(Problem requirements) Return the lines of the data below, from the one containing "Multi ethnic group" through the very last, exactly and with both ends included; no pictures.

(Exercise data)
━━━━━━━━━━━━━━━━
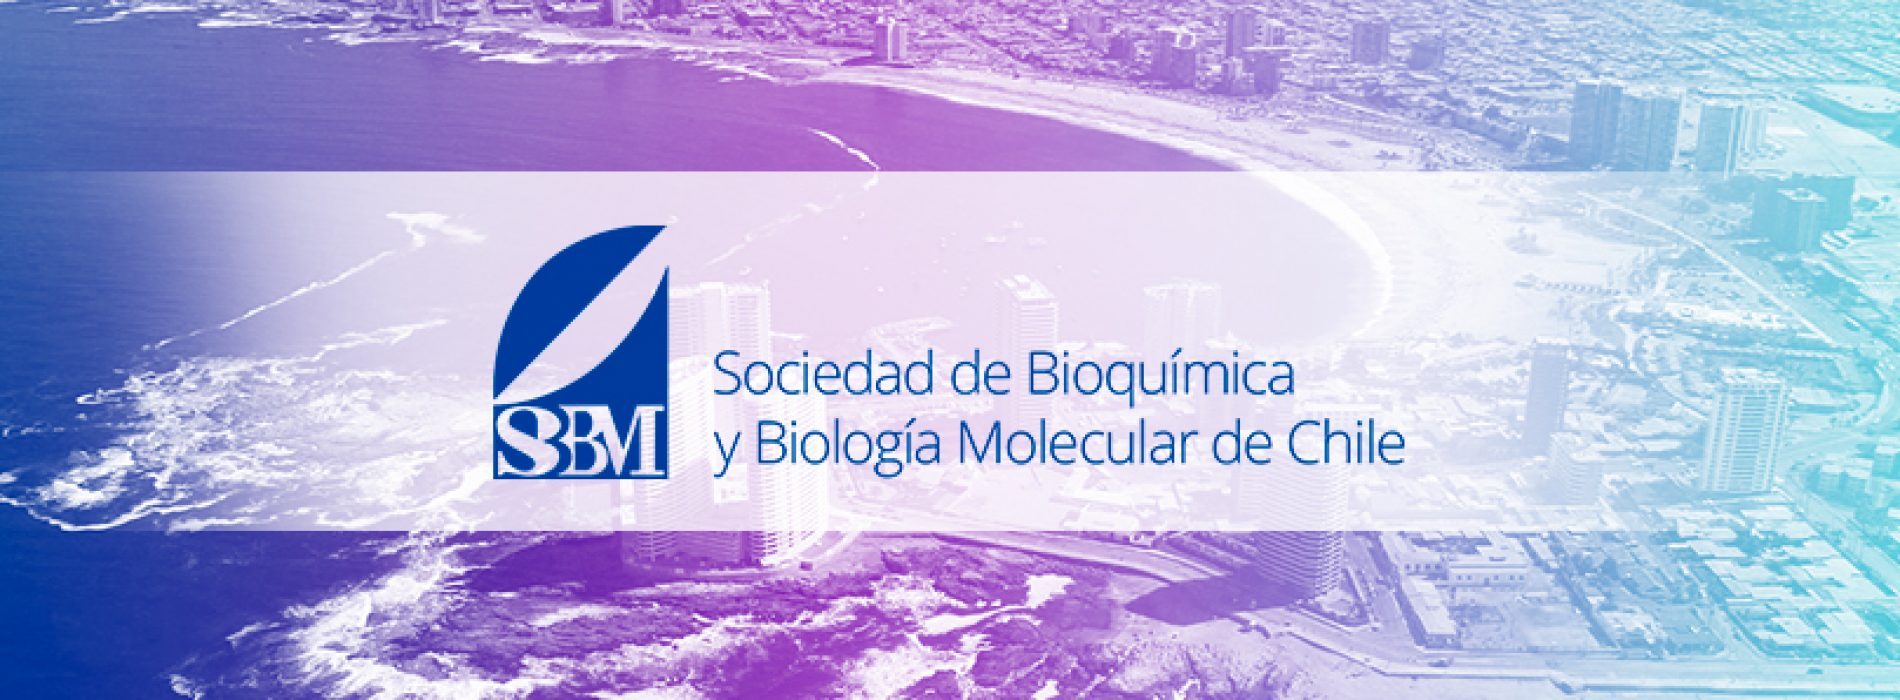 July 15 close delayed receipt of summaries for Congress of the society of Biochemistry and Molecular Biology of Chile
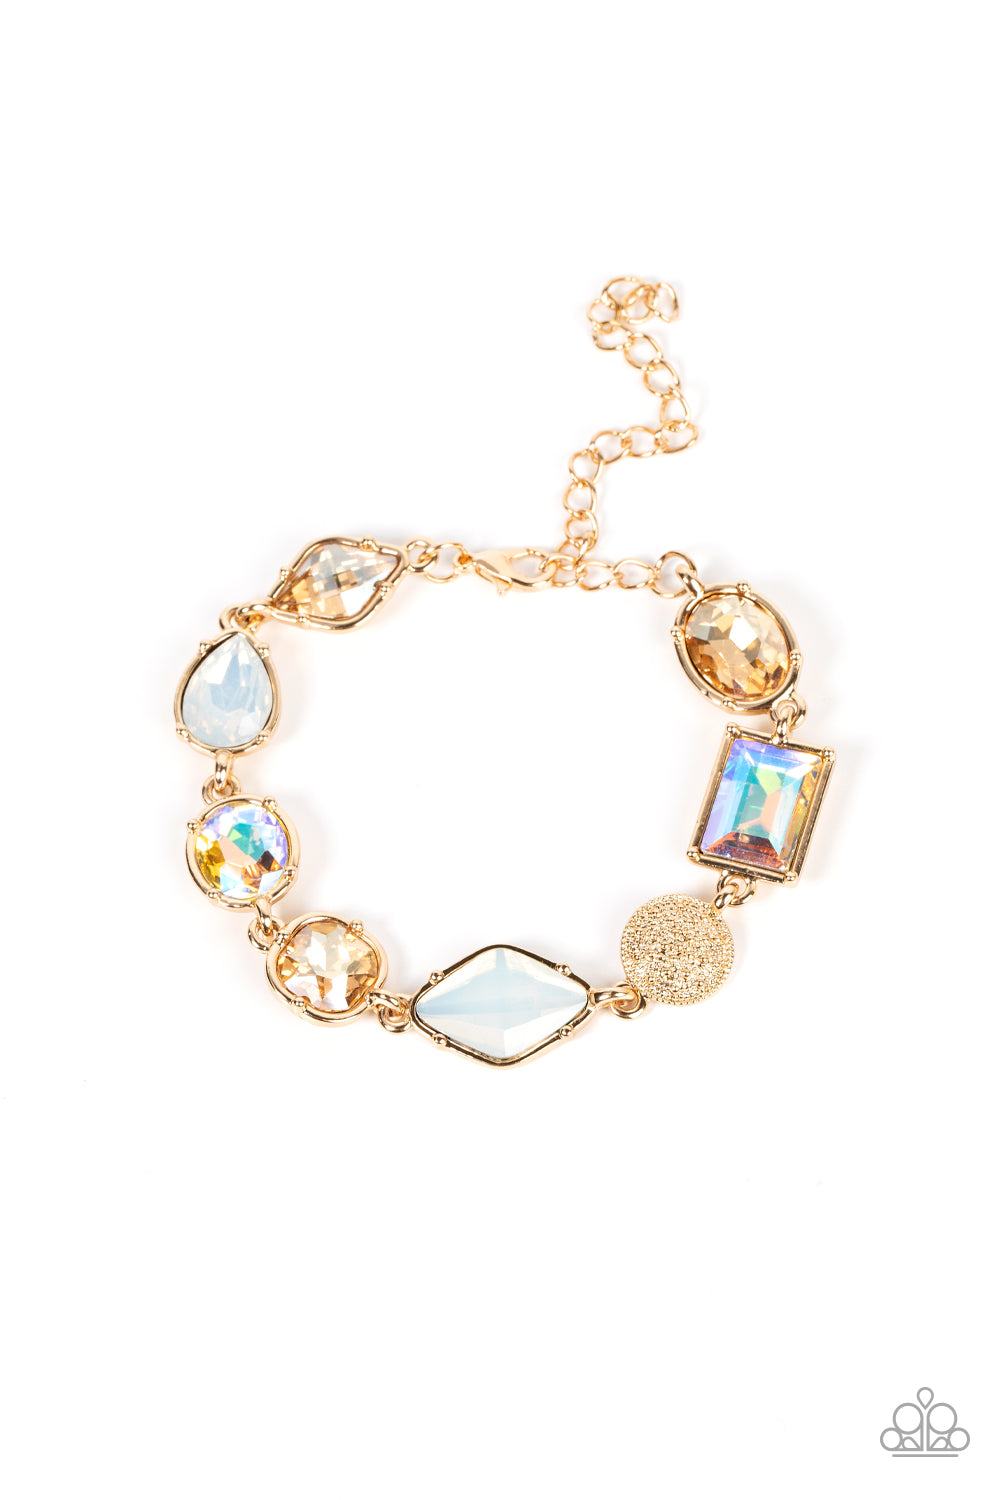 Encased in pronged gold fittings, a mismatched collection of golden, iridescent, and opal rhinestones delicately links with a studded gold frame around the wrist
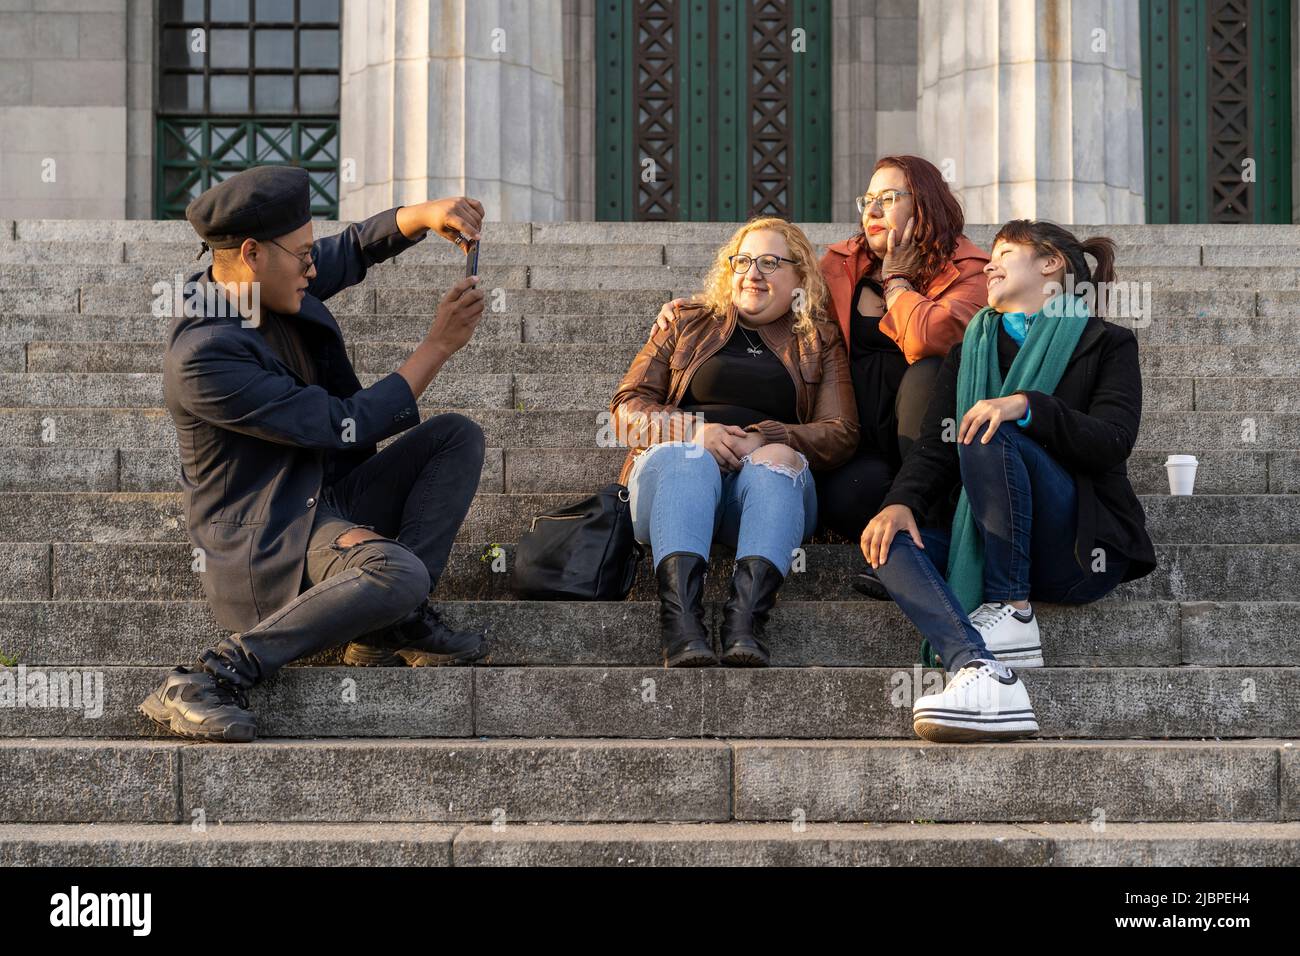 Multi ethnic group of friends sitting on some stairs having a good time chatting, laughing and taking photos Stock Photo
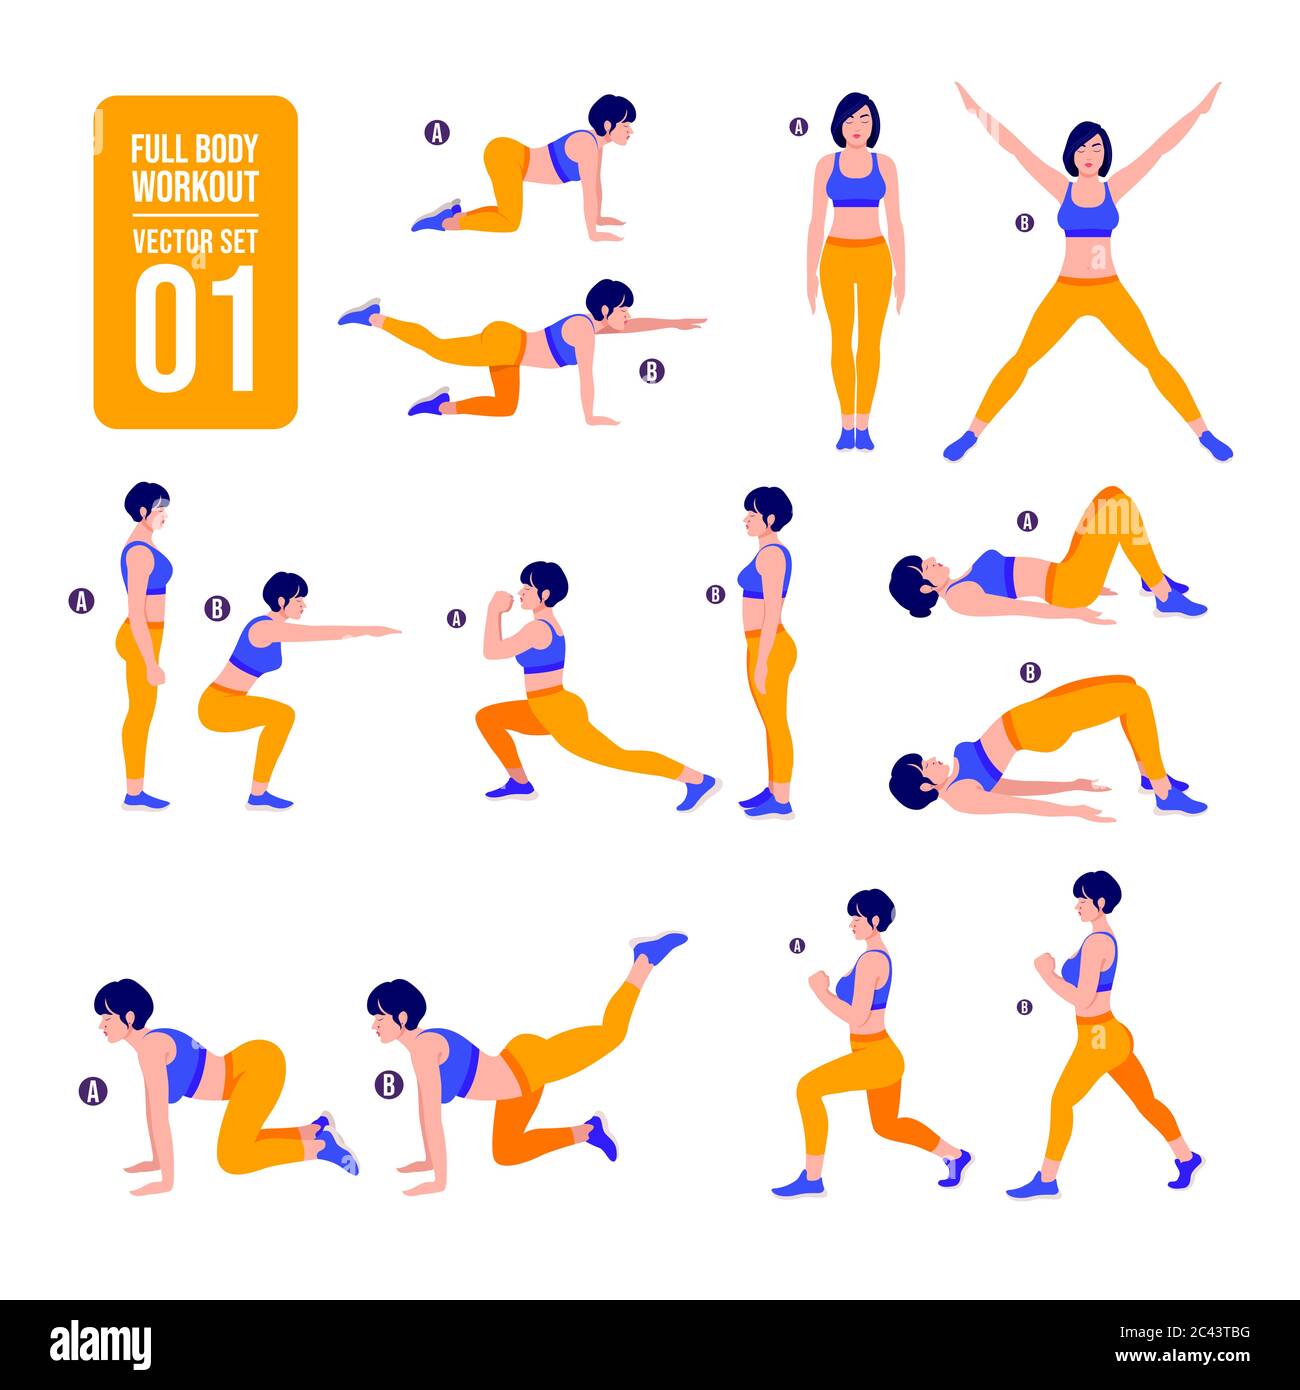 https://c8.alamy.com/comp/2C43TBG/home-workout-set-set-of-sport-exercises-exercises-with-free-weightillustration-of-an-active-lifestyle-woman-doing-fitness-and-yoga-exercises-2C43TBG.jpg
━━━━━━━━━━━━━━━━
(Exercise result)
 Multi ethnic group of friends sitting on some stairs having a good time chatting, laughing and taking photos Stock Photo
 https://c8.alamy.com/comp/2C43TBG/home-workout-set-set-of-sport-exercises-exercises-with-free-weightillustration-of-an-active-lifestyle-woman-doing-fitness-and-yoga-exercises-2C43TBG.jpg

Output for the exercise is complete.